* * *

Stomald shouted the exorcism with all the faith in him as the shining oil coated the demon. She paused— perhaps she even gave back a step—and hope flamed in his heart. But then hope turned to even greater horror, for the demon neither vanished in a flash of lightning nor fled in terror. Instead she came a step closer … and she smiled.

“Begone yourself, wretched and miserable one!” He reeled, stunned by the terrible thunder of that demonic voice, and his brain gibbered. No demon could speak the Holy Tongue! He retreated a faltering step, hand rising in a warding sign, and the demon laughed. She laughed! “I have come for my friend,” she thundered, “and woe be unto you if you have harmed her!”

Crashing peals of laughter ripped through him like echoes from Hell, and then she reached out to the nearest torch. The holy oil sprang alight with a seething hiss, clothing her in a fierce corona, and her voice boomed out of the roaring flames.

“Begone lest you die, sinful man!” she commanded terribly, and the furnace heat of her faceless, fiery figure came for him.

* * *

Sean watched Sandy confront the priest. Her implant-amplified voice made his head hurt—God only knew how it must have sounded to the priest! Yet the man had stood his ground until she touched the oil to flame. That was too much, and he took to his heels at last, stumbling, falling, leaping back to his feet and running for the imagined sanctuary of his church while Sandy’s bellowing laughter pursued him.
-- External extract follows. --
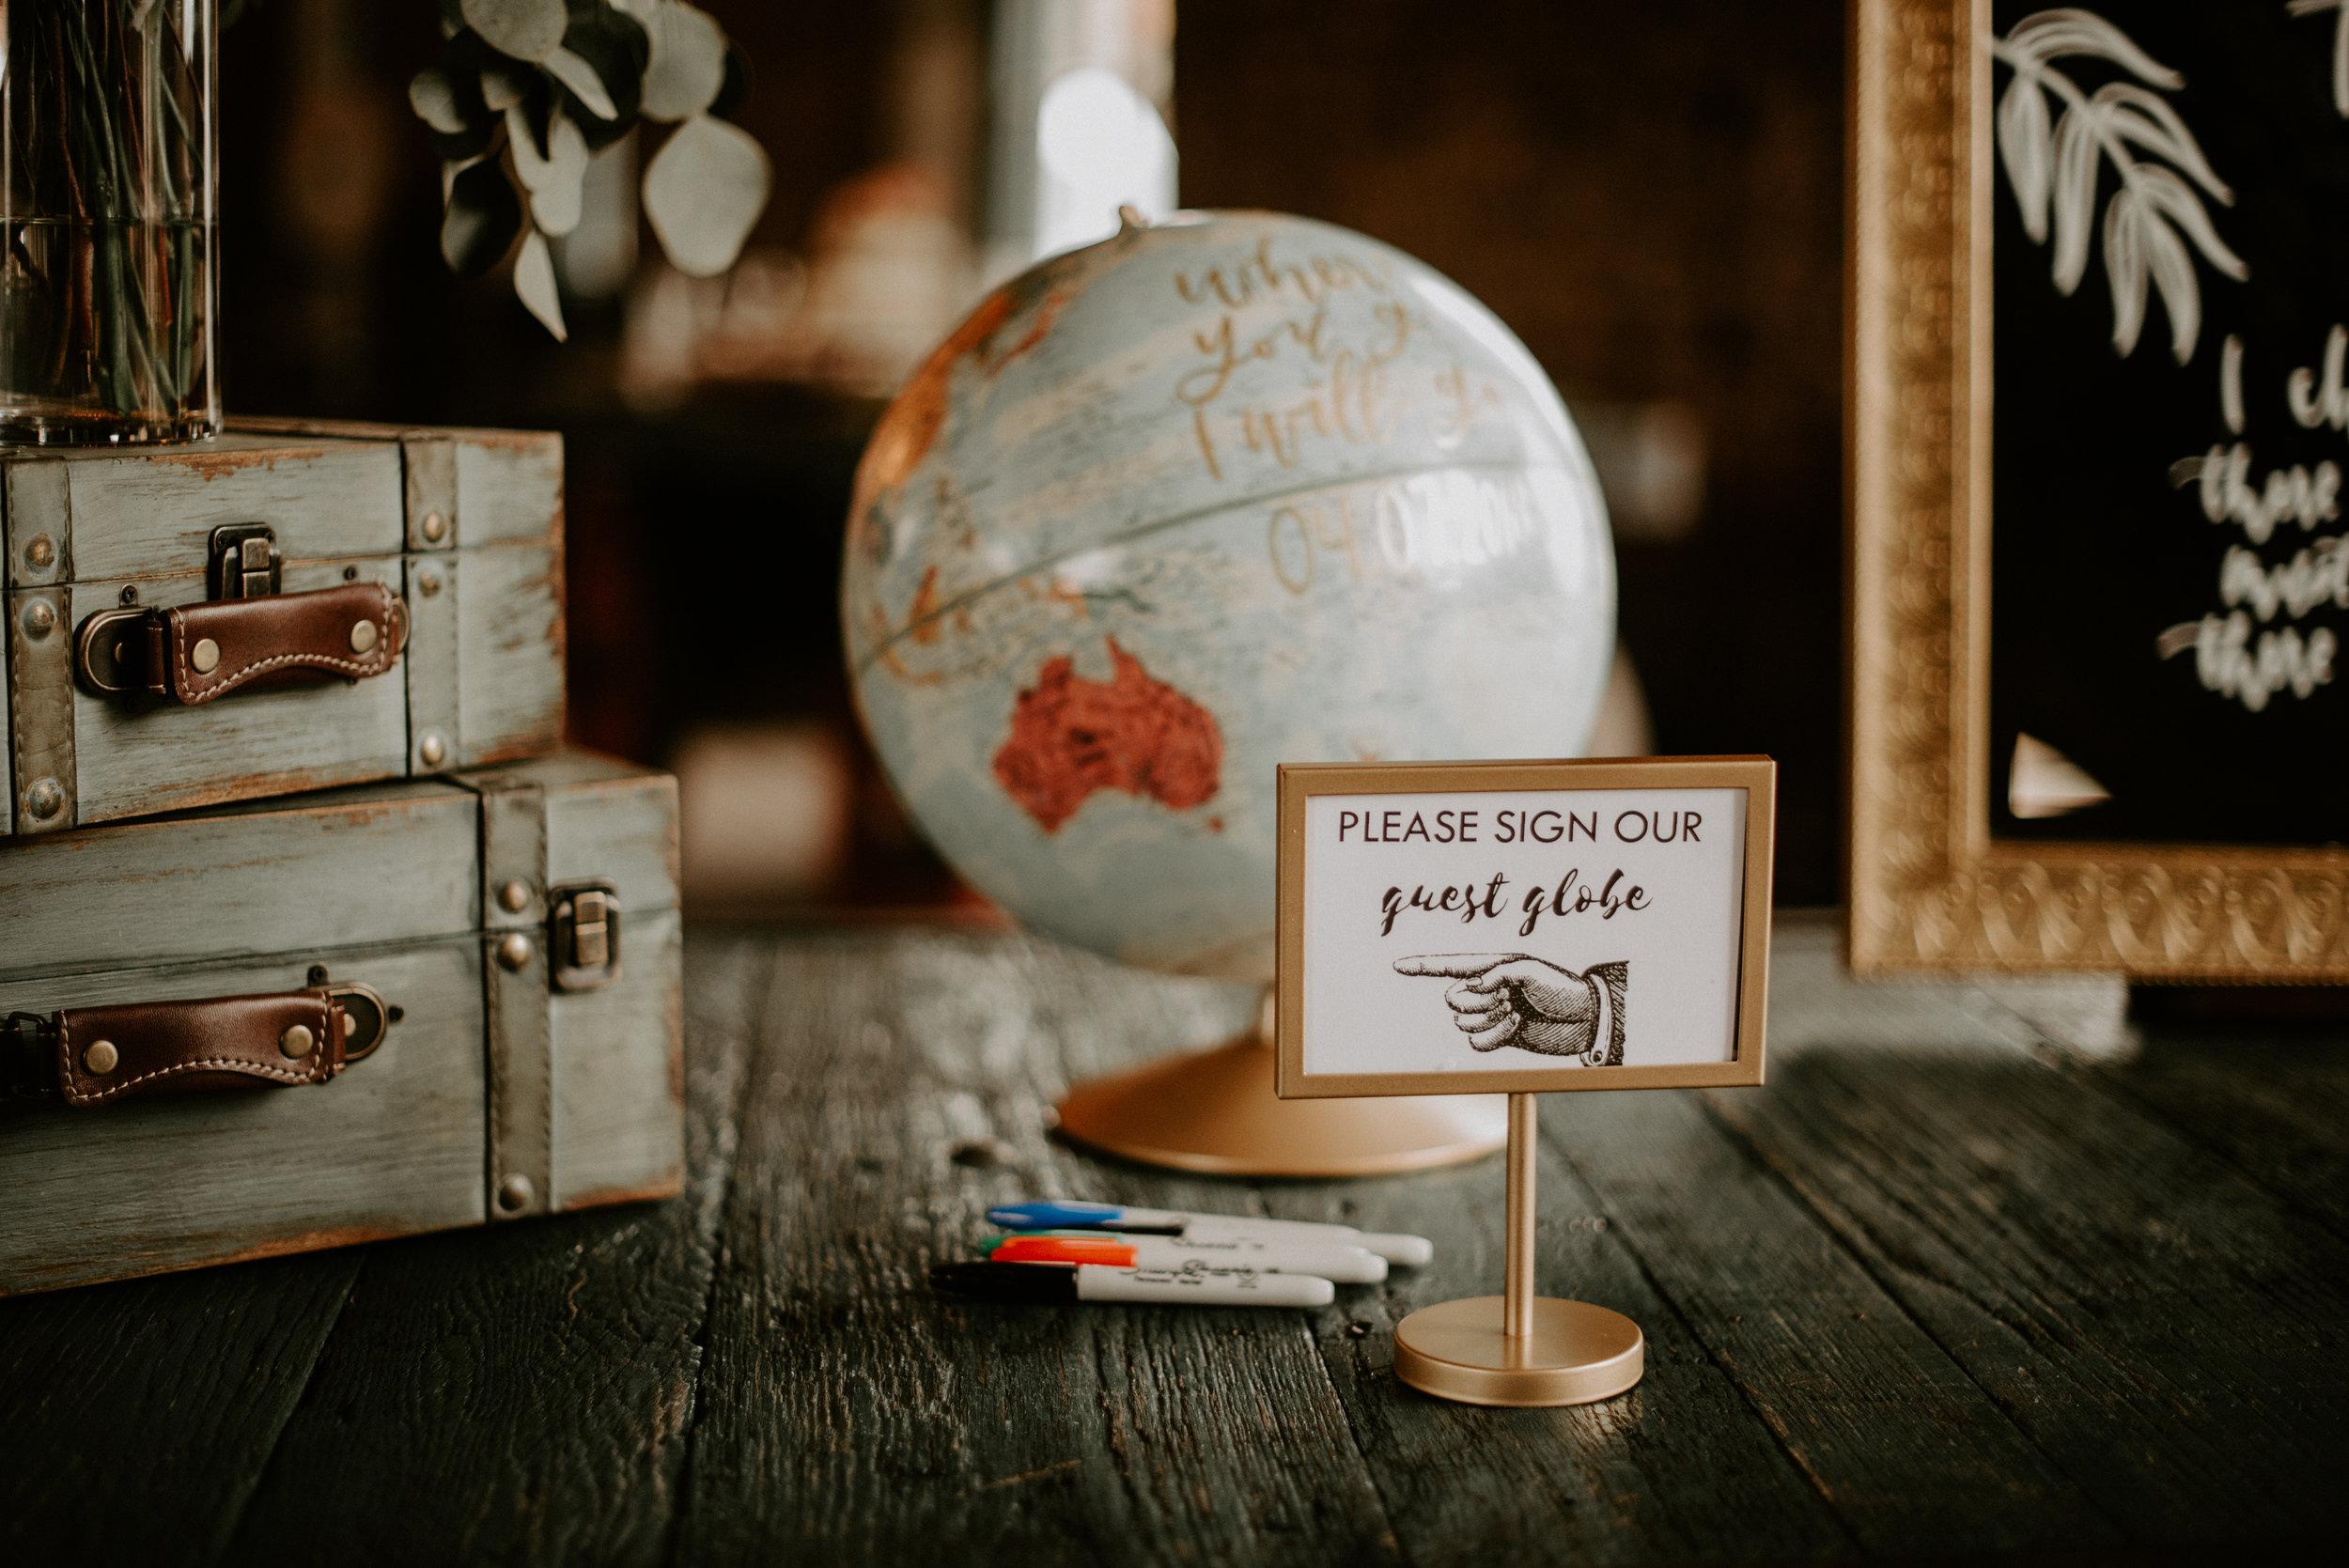 savannah-bridal-shop-andrea-and-mike-evergold-photography-georgia-state-railroad-museum-wedding-savannah-wedding-florist-savannah-wedding-planner-25.jpg

Yet there was no time to admire her tactics, and he slung his grav rifle and charged across the square. Tamman’s energy gun splintered more cobbles, driving the villagers still further back, but Sean hardly noticed. He scattered heavy faggots like tumbleweeds, and his face was a murderous mask as he gripped the chain about Harriet’s body and twisted the links like taffy. They snapped, and he hurled them aside and caught at the manacles. His back straightened with a grunt. Anchoring bolts screamed and sheared like paper, and if she was still breathing as her limp body slid into his arms, he was close enough to read her implants directly at last. He paled. The damage was at least as bad as Brashan had said, and he cradled her like a child as he turned and ran like a madman for the cutter.

* * *

Stomald cowered in the nave of the broken church, rocking on his knees and praying with all his strength amid lumps of stone blown from the vault above him. He clung to sanity with bleeding fingernails, then cringed in fresh terror as something flashed into the very heavens beyond the village. A howling streak of light exploded across the stars in an echoing peal of thunder, and a hot breath of air rolled down through the church’s cracked roof on the shrieking wind of its passage as it screamed low over Cragsend.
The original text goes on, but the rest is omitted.